# Material provided:
▽

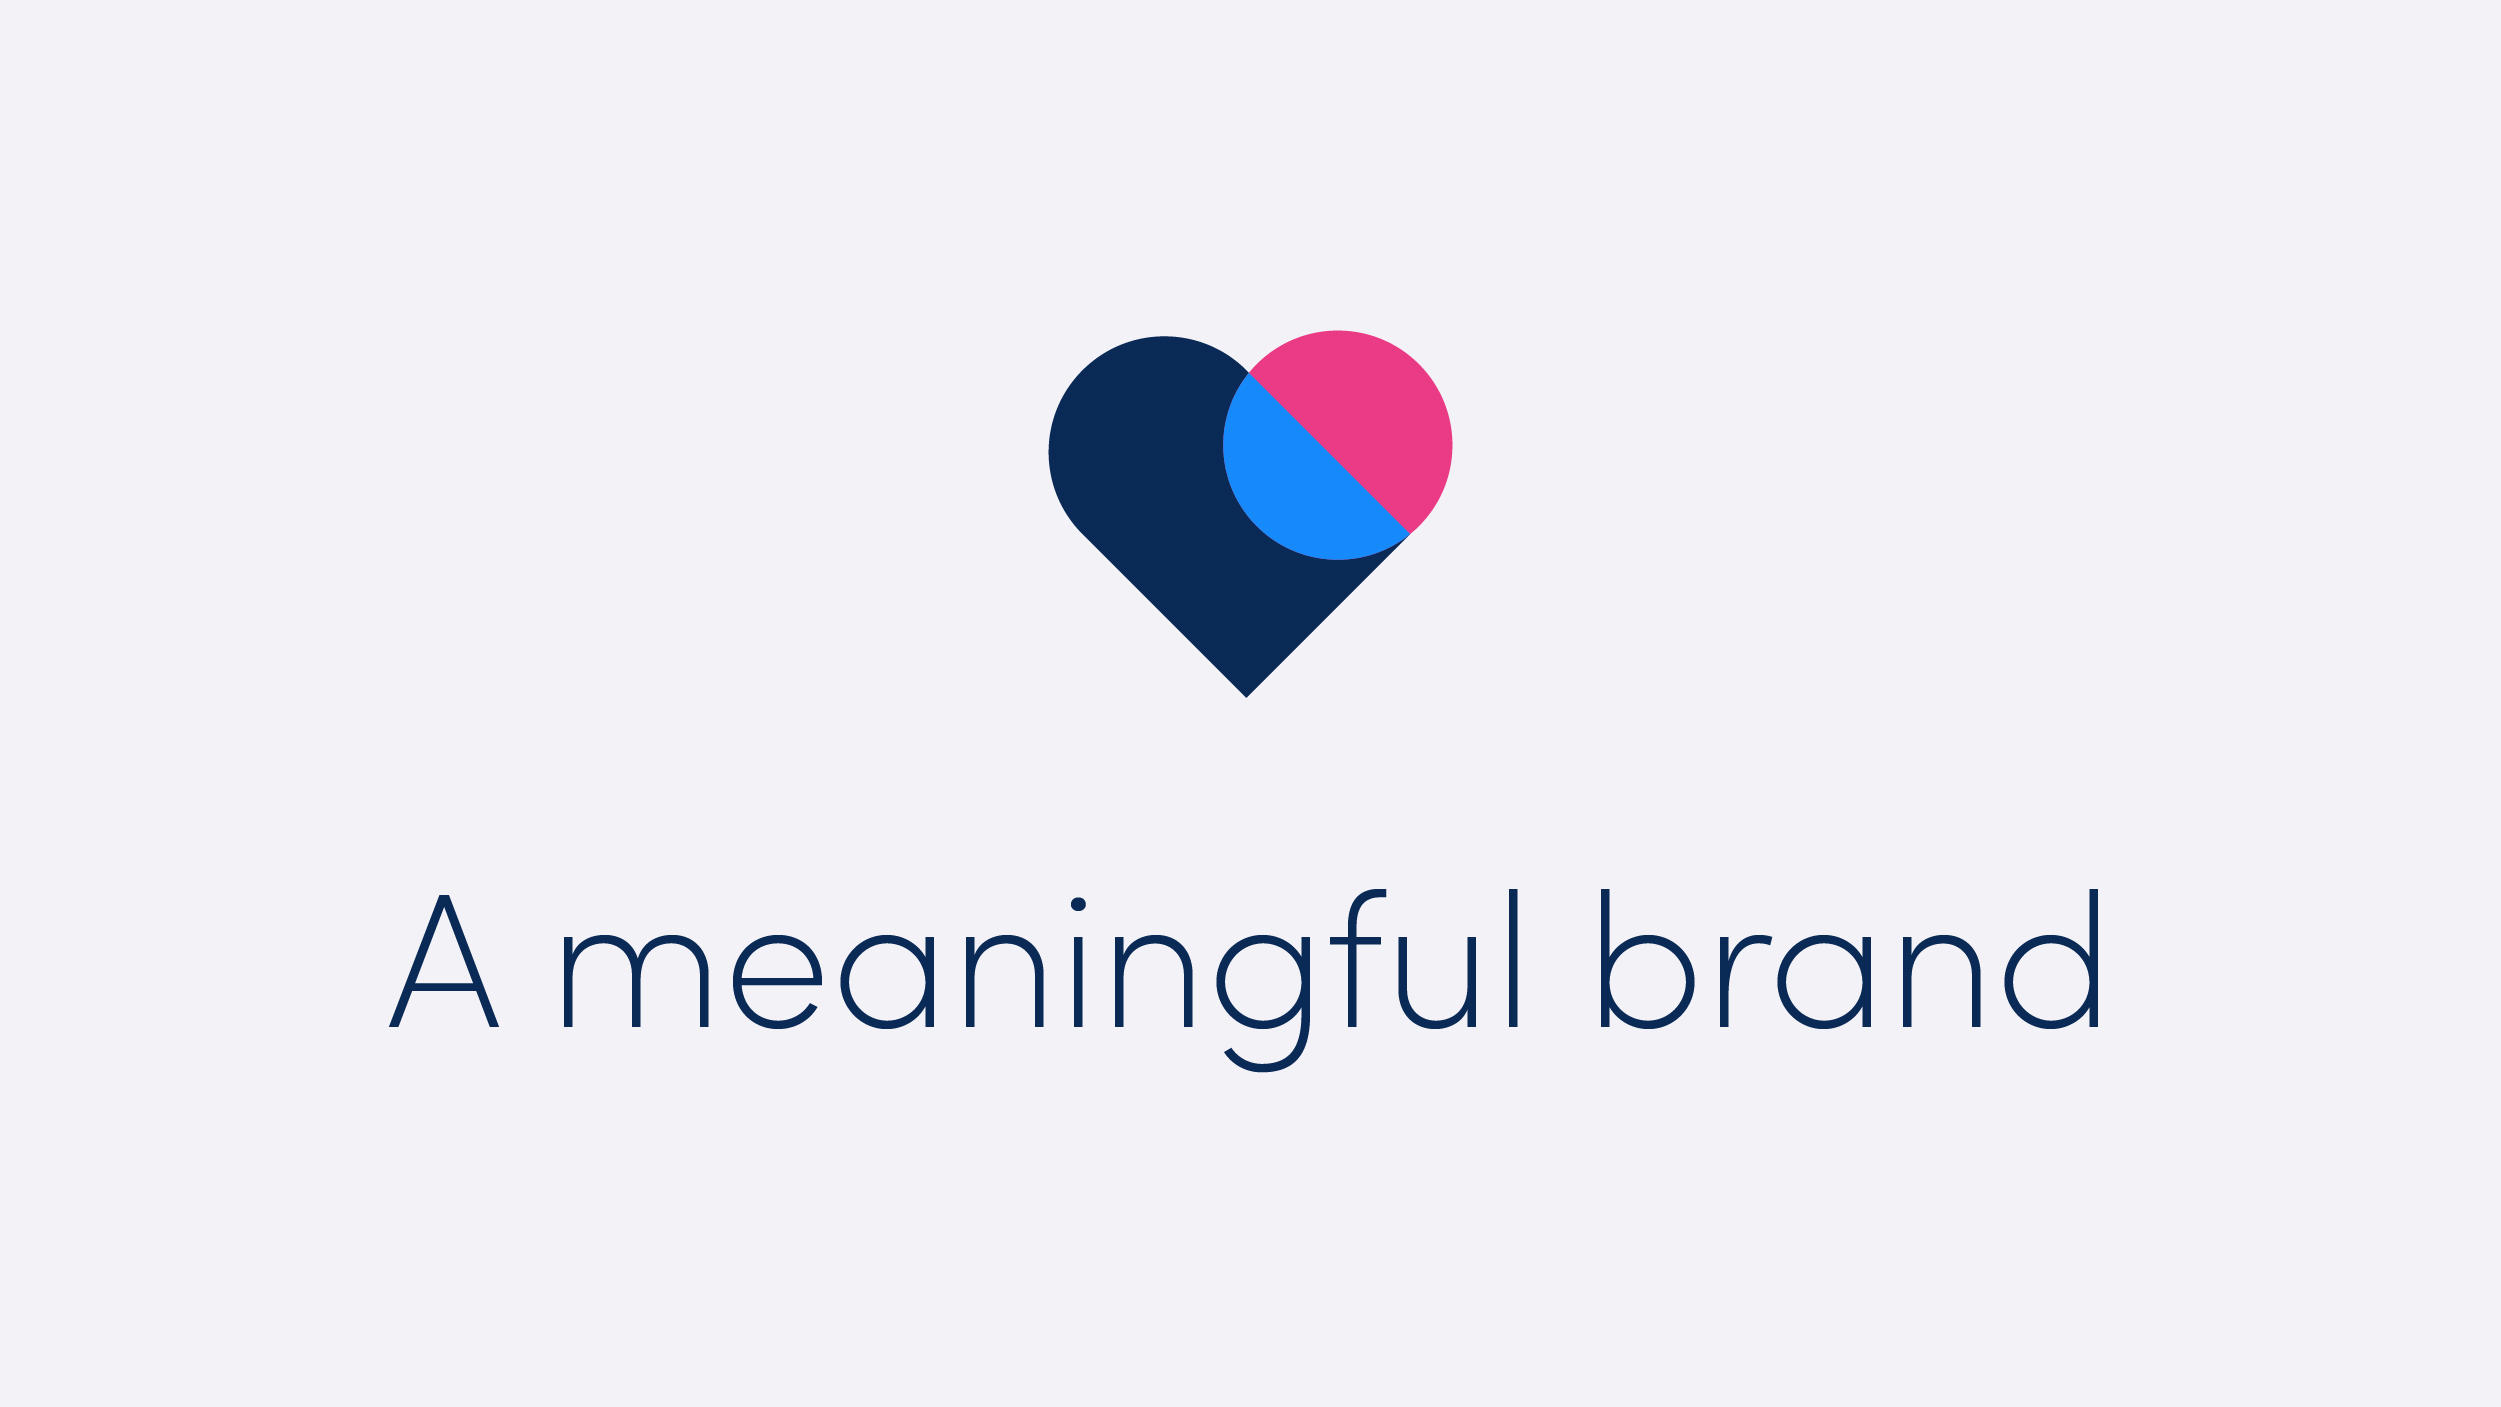 InspiringApps Launches New Brand and Website
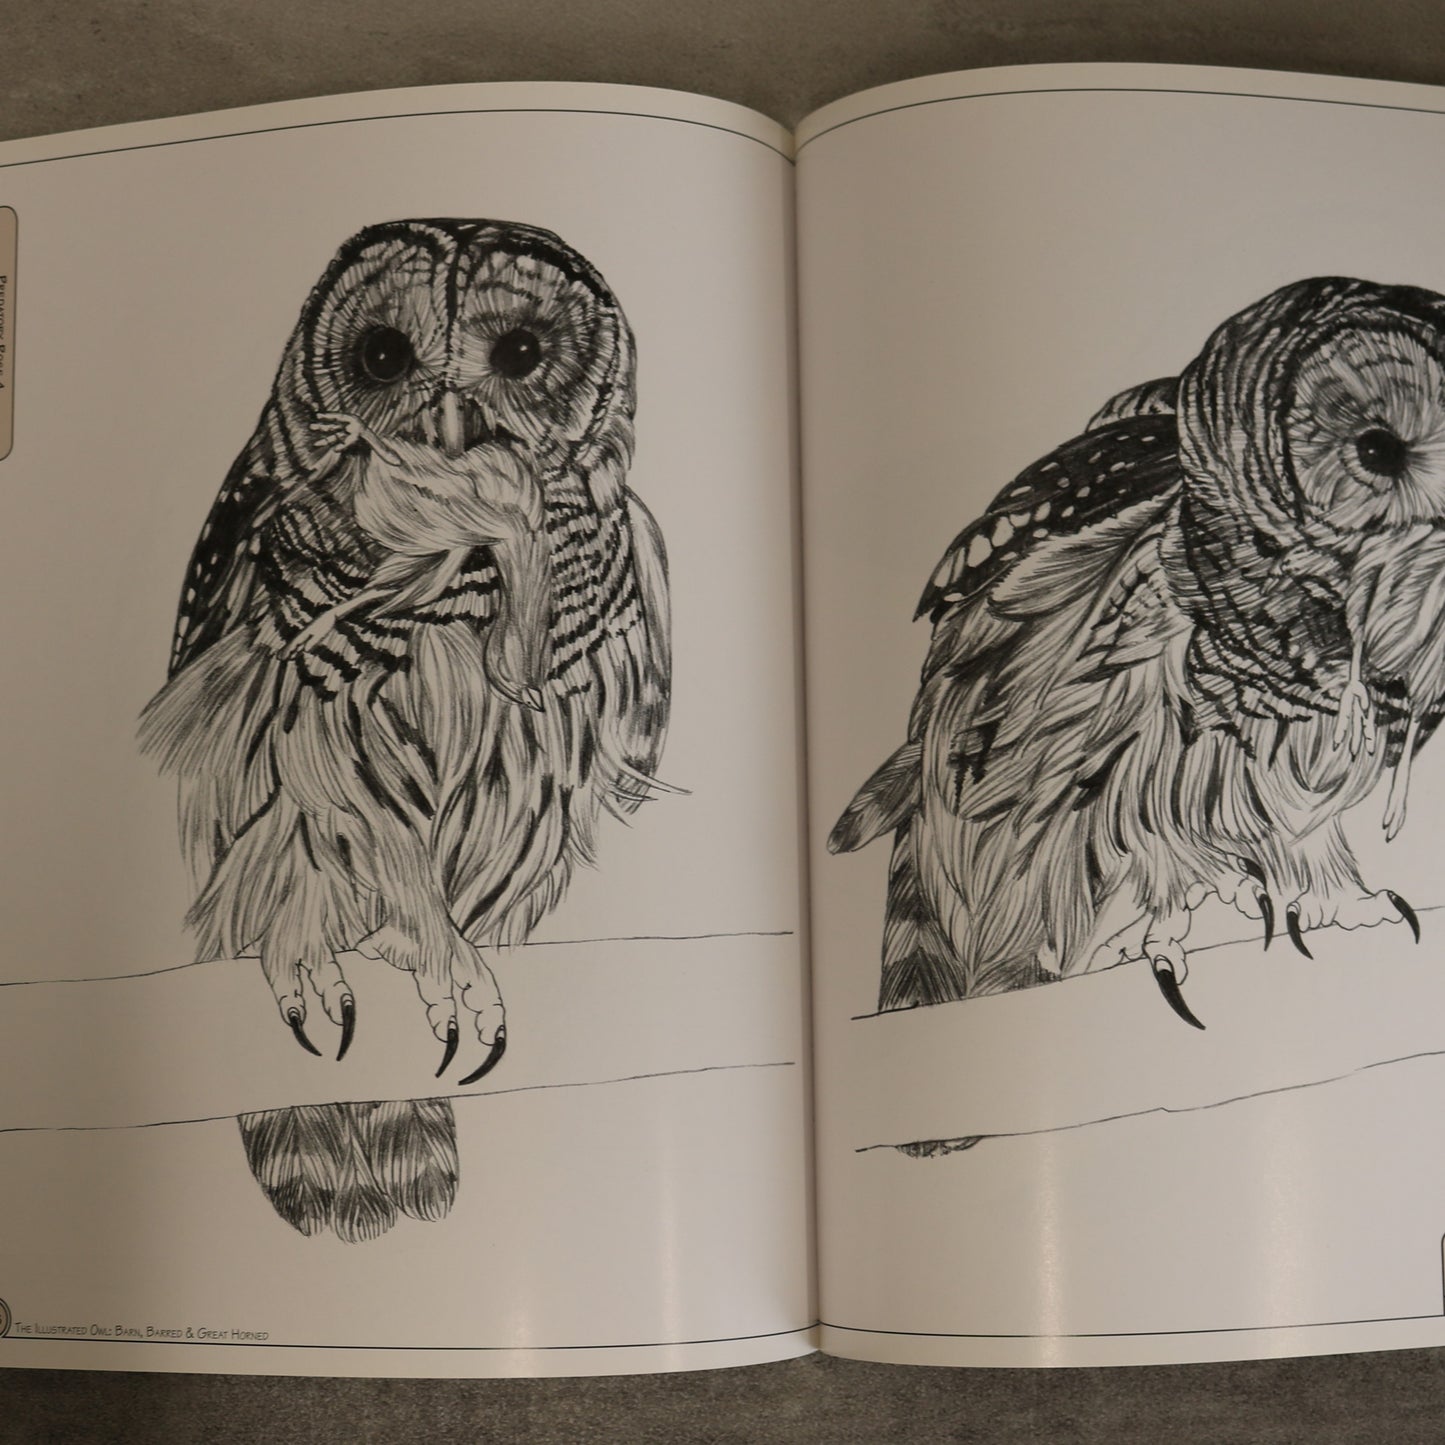 Illustrated Barn Barred Great Horned Owl Wood Carving Used Book
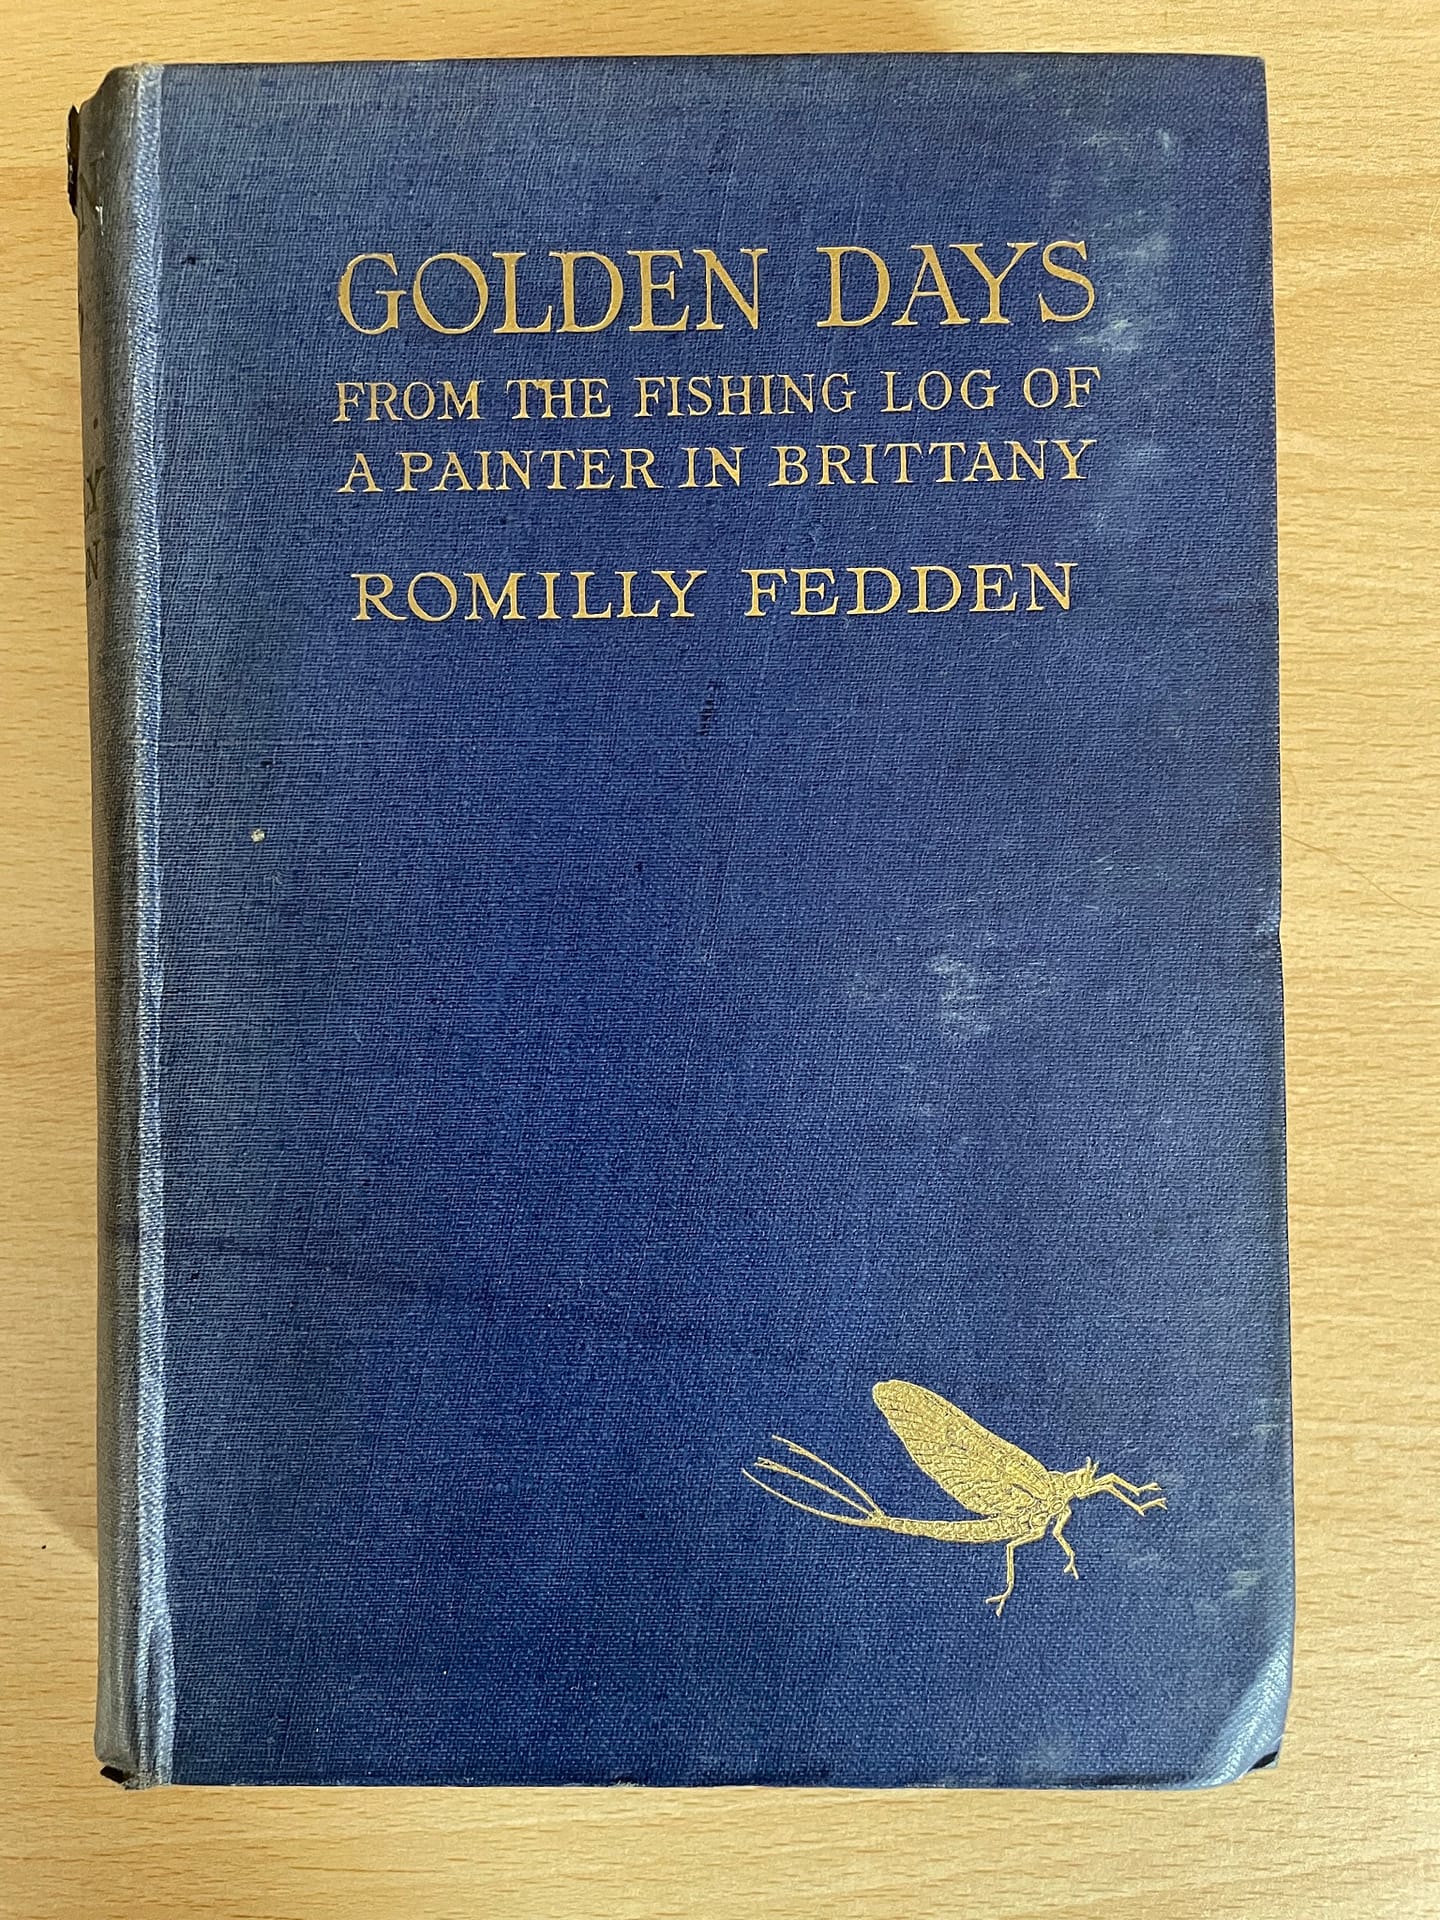 The Golden Days of Romilly Fedden

△

# Exercise prompt:
All of the lines above must be printed again exactly, and no picture may appear in the copy.

# Task output:
 InspiringApps Launches New Brand and Website
 Illustrated Barn Barred Great Horned Owl Wood Carving Used Book
 The Golden Days of Romilly Fedden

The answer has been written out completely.